**Task to complete**
Copy the data that follows exactly, and include none of its images.

**Input data**
________

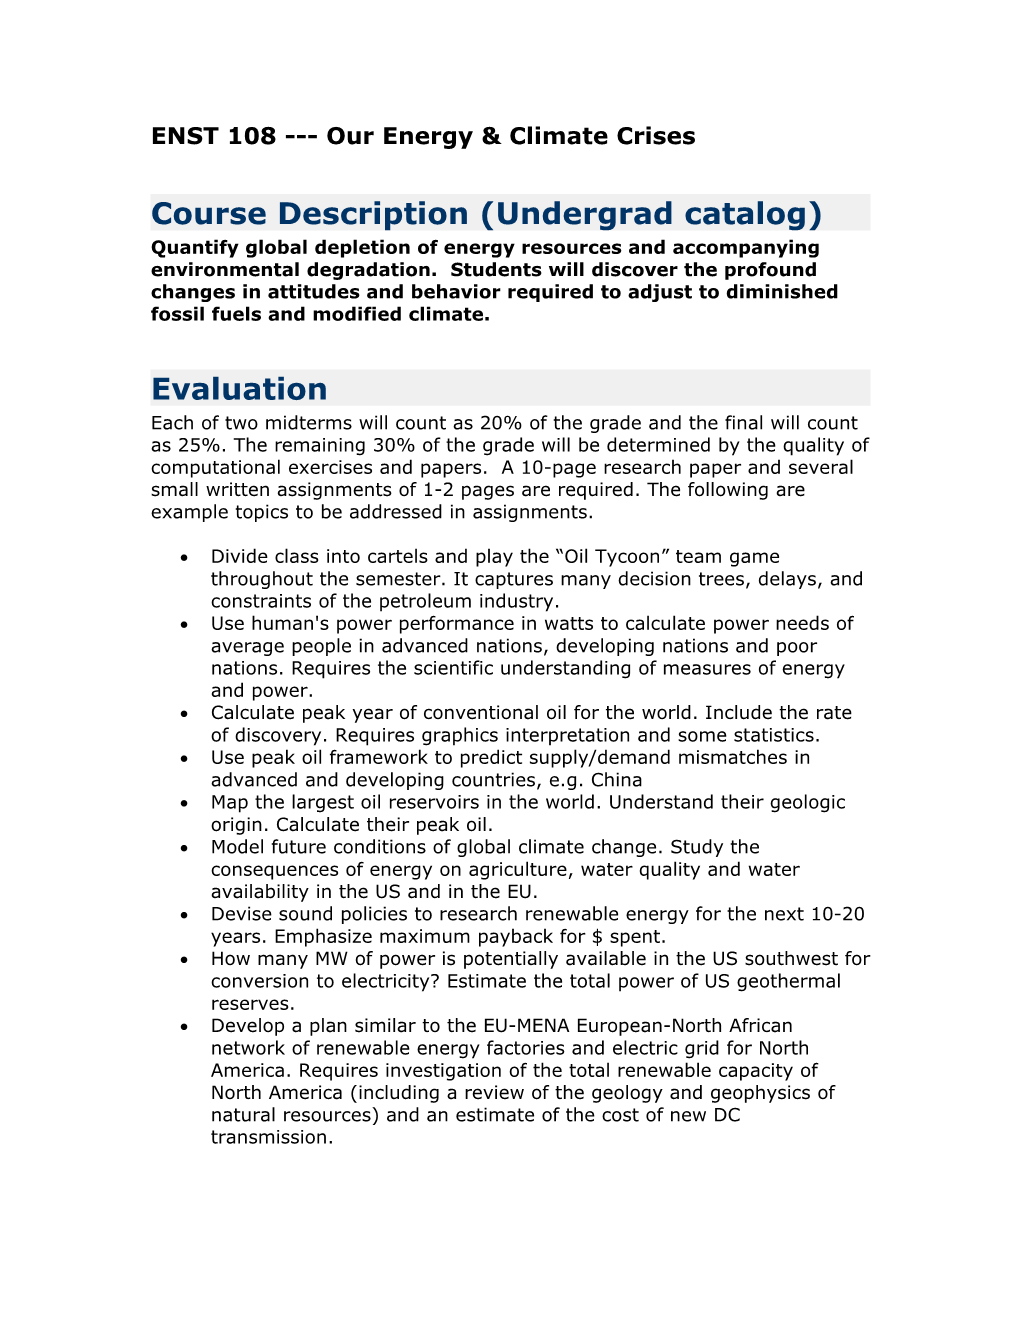 Course Description (For Undergrad Catalog)
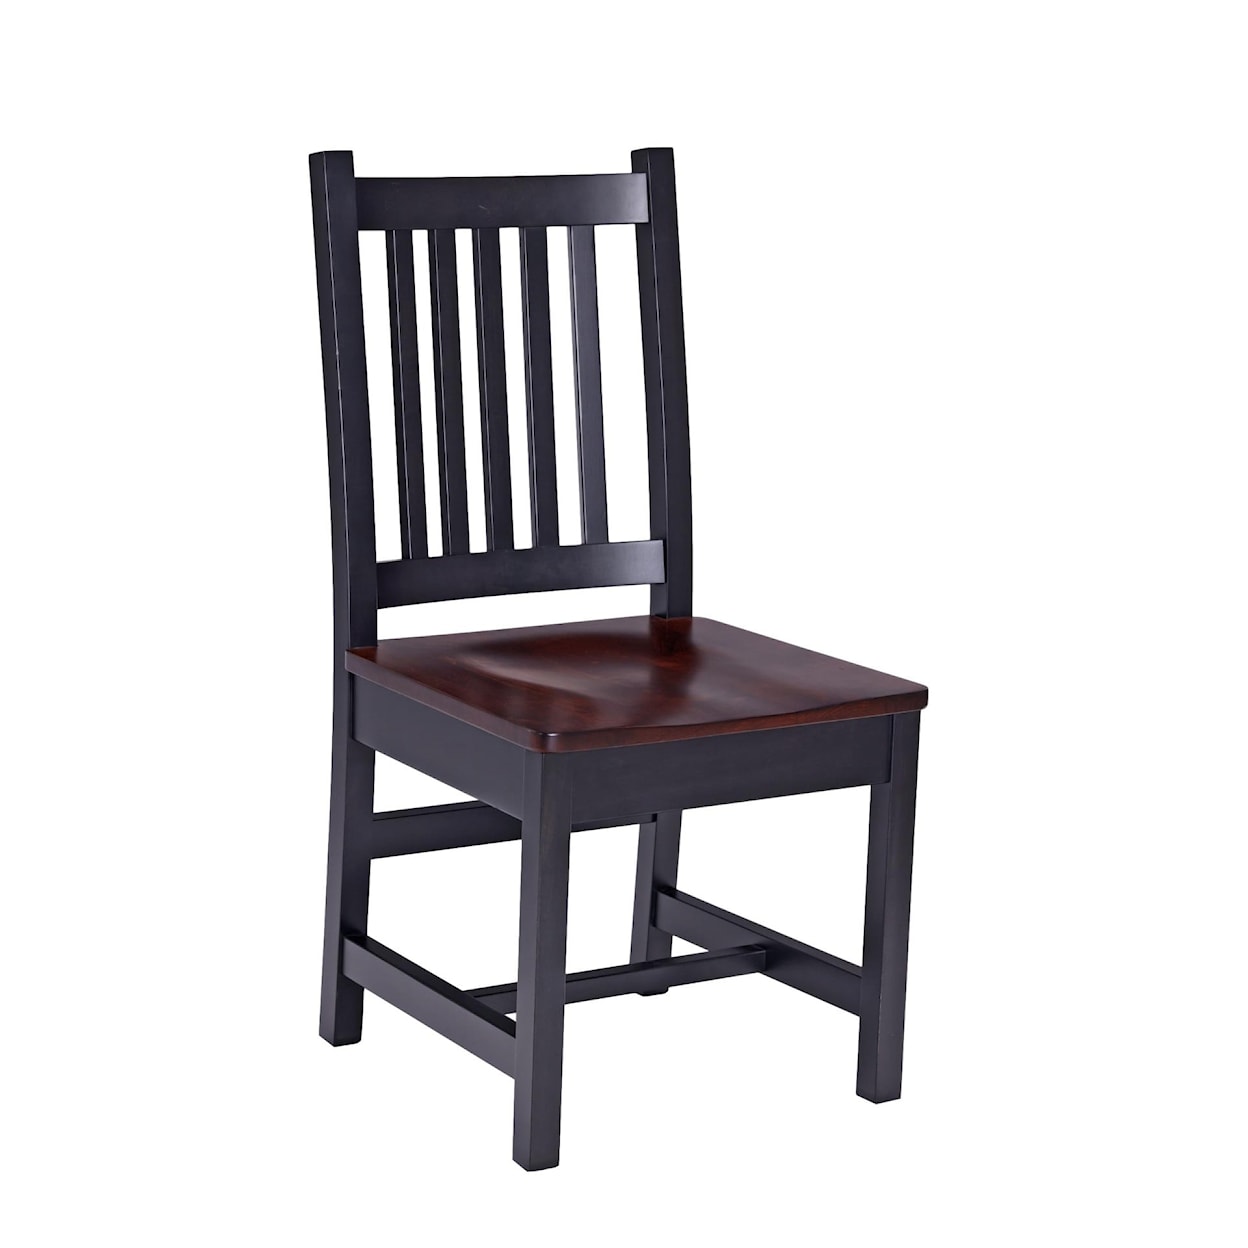 L.J. Gascho Furniture Saber Dining Chair
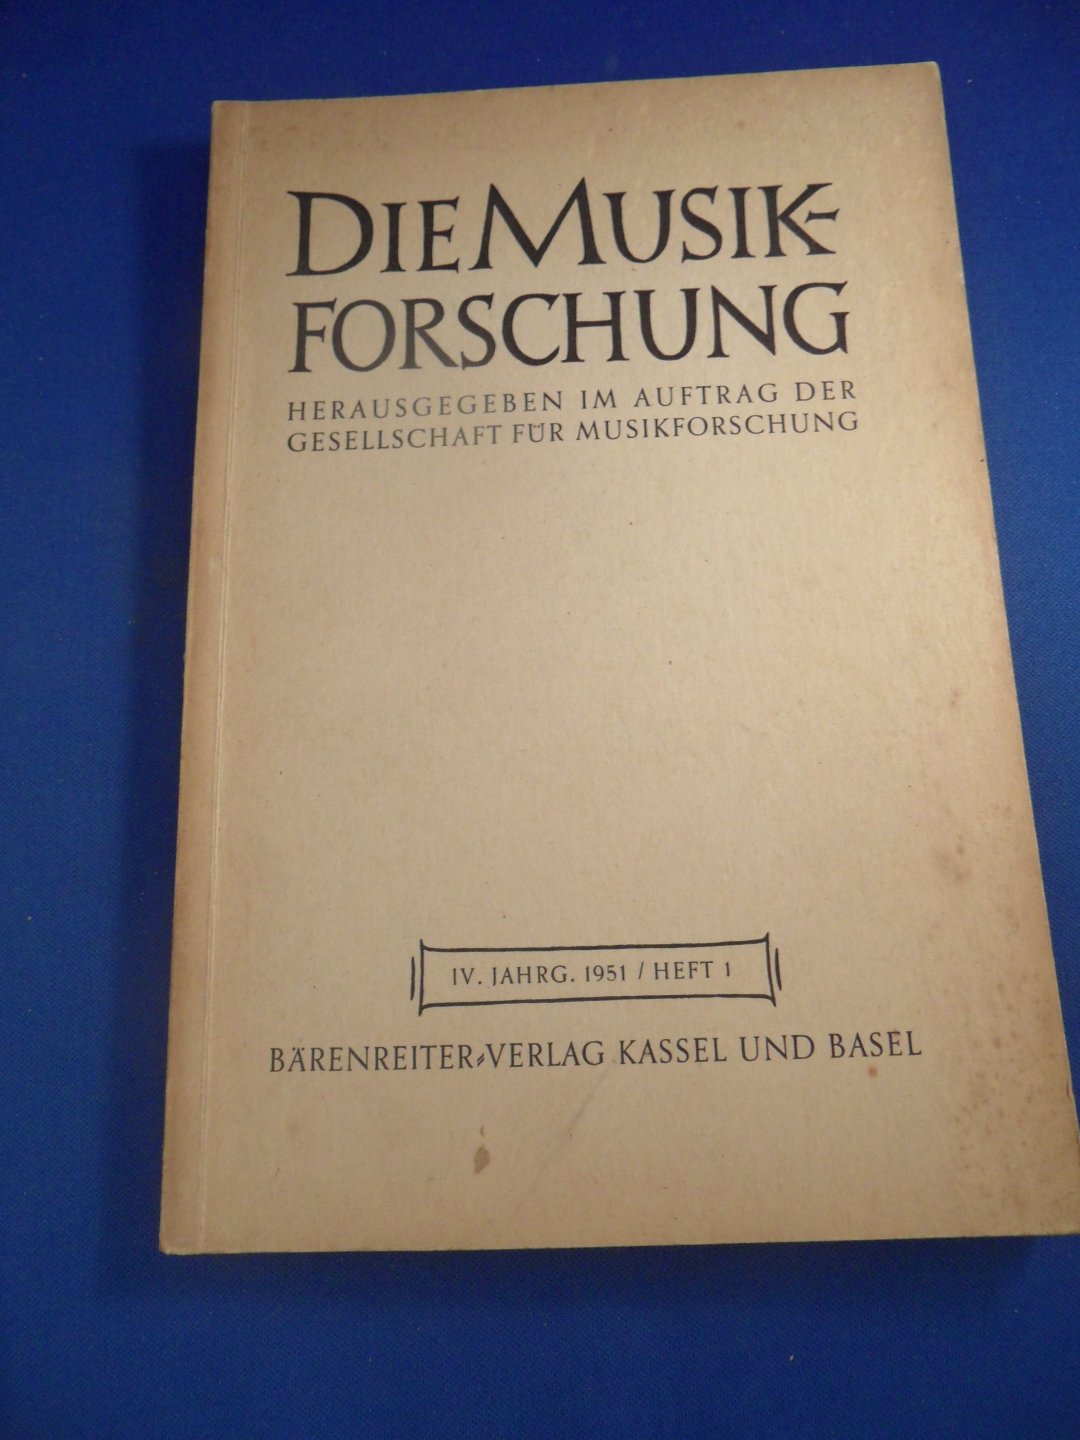  - Die Musikforschung. Herausgegeben von der Gesellschaft für Musikforschung. Jaargang IV, heft 1 1951

________

**Solution to this task**
 Course Description (For Undergrad Catalog)
 L.J. Gascho Furniture Saber Dining Chair
  - Die Musikforschung. Herausgegeben von der Gesellschaft für Musikforschung. Jaargang IV, heft 1 1951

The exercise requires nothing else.